* **Exercise instructions**
Could you reproduce, from the records below, everything from the line with "CAMPIONAT D'ESPANYA DE" down to the line with "Ukrajina spustila lustraci.", keeping both of those lines and changing nothing?

++++ Entries shown ++++

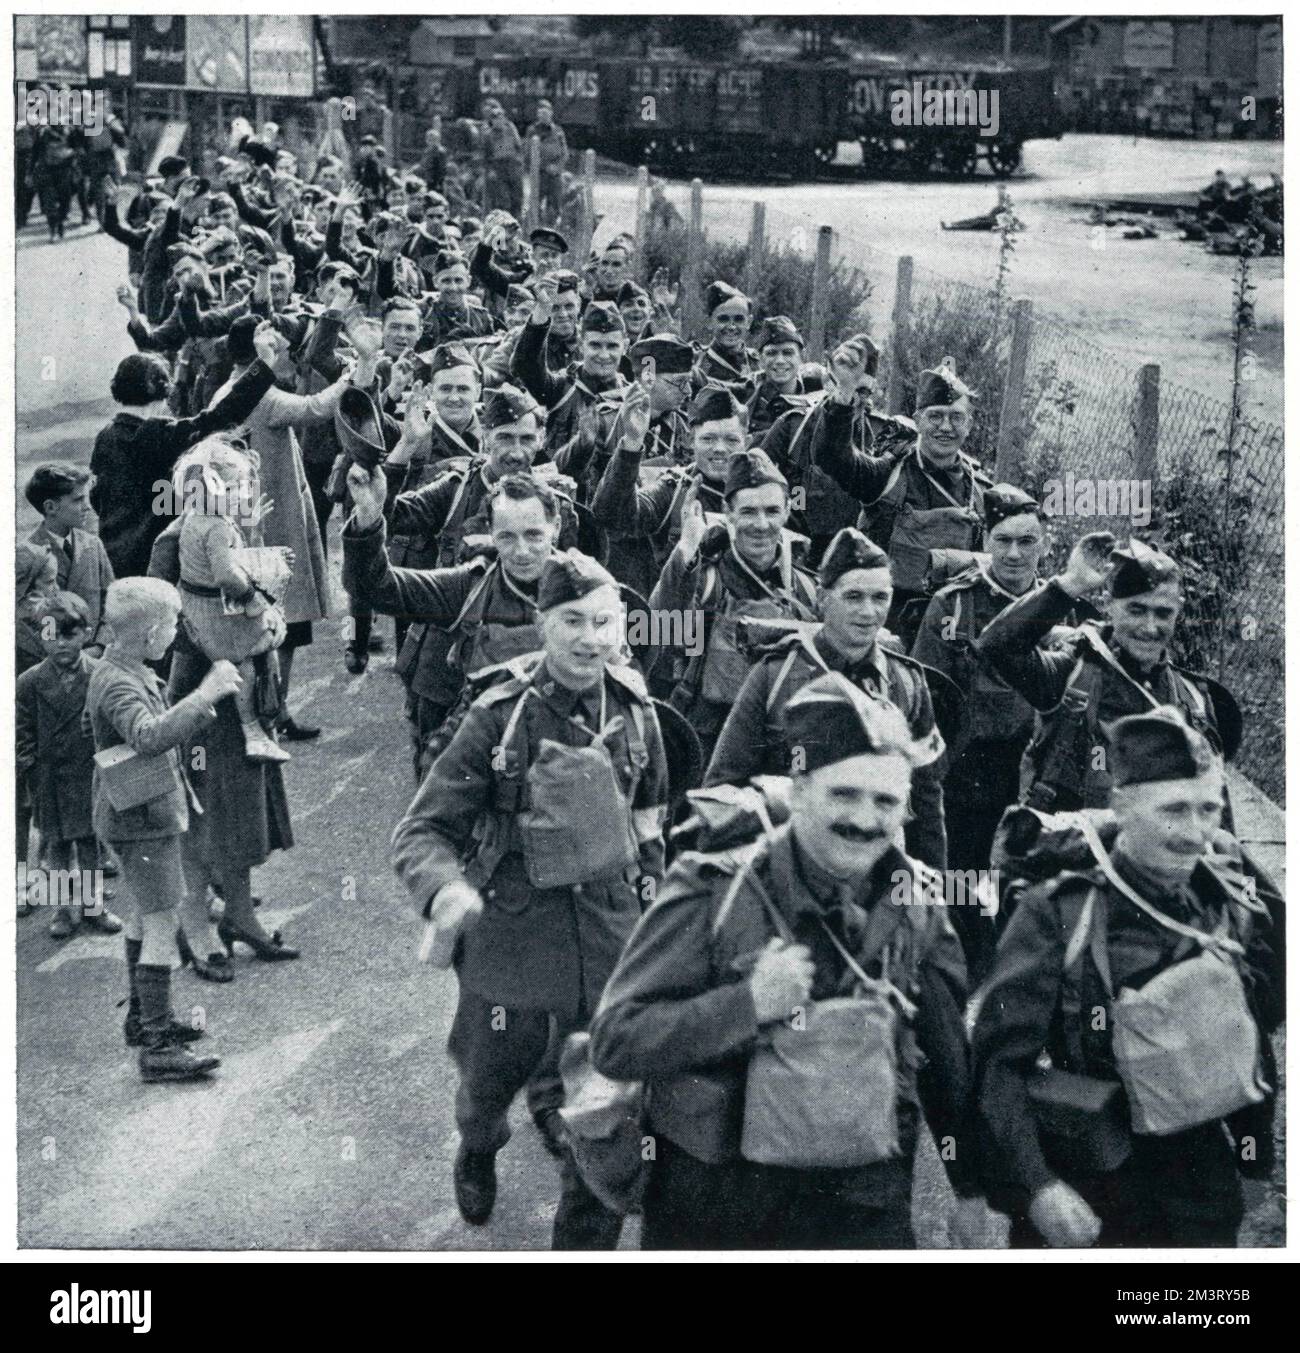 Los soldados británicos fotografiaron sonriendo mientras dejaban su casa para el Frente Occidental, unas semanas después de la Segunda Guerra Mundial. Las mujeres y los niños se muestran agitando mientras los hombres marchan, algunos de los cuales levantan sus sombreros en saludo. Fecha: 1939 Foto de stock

++++
++++ Entries shown ++++

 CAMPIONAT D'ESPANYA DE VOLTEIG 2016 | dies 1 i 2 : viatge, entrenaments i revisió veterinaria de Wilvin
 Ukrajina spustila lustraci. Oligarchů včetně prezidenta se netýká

++++
++++ Entries shown ++++

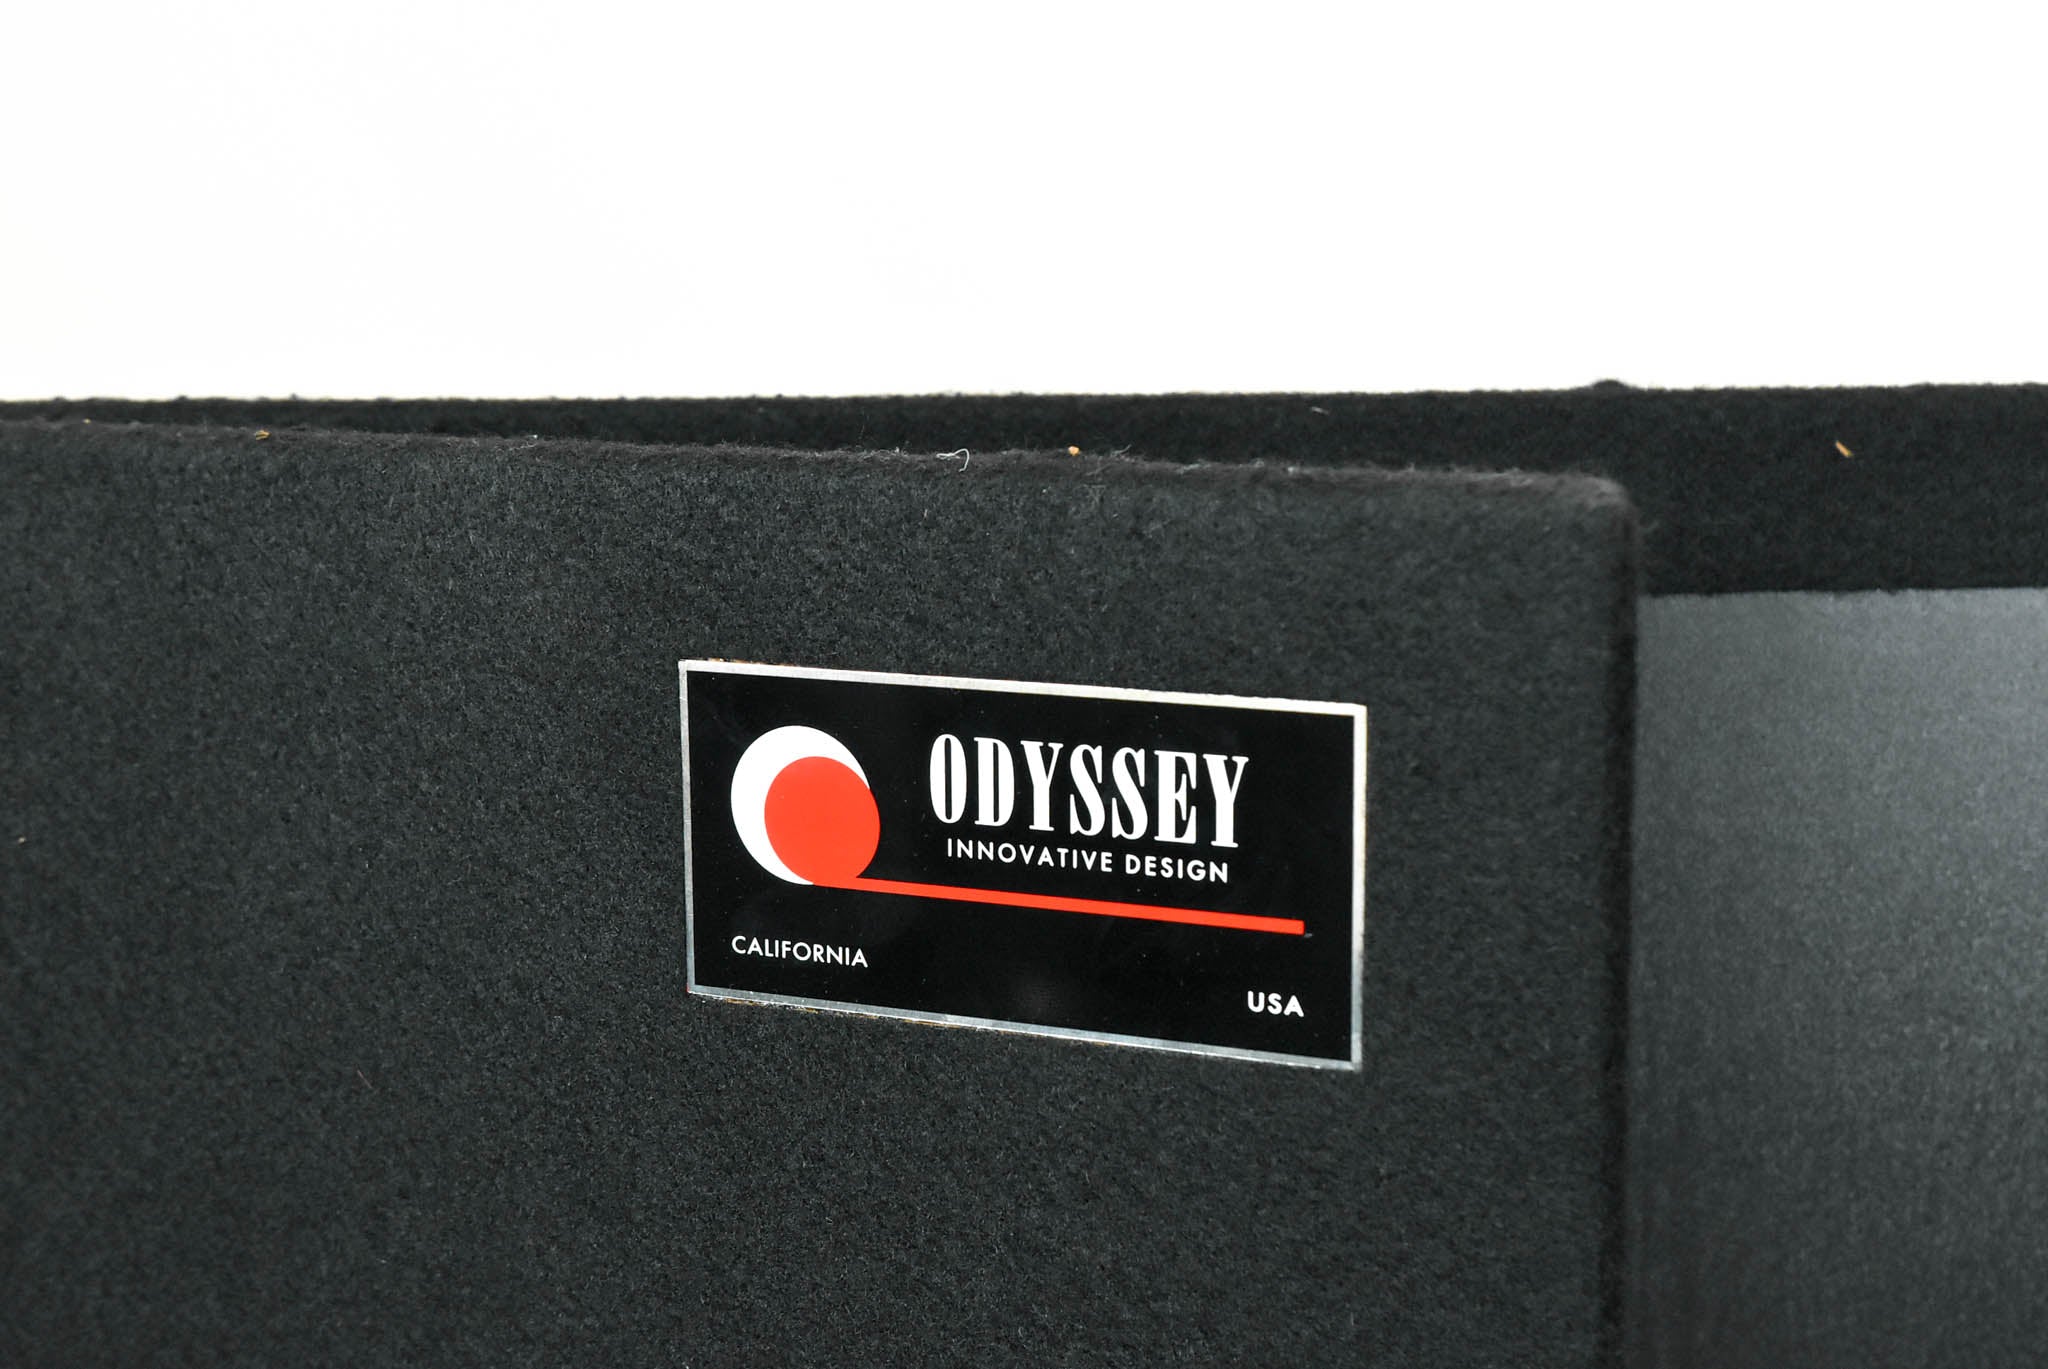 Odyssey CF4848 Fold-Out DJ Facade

++++

* **Written response**
 CAMPIONAT D'ESPANYA DE VOLTEIG 2016 | dies 1 i 2 : viatge, entrenaments i revisió veterinaria de Wilvin
 Ukrajina spustila lustraci. Oligarchů včetně prezidenta se netýká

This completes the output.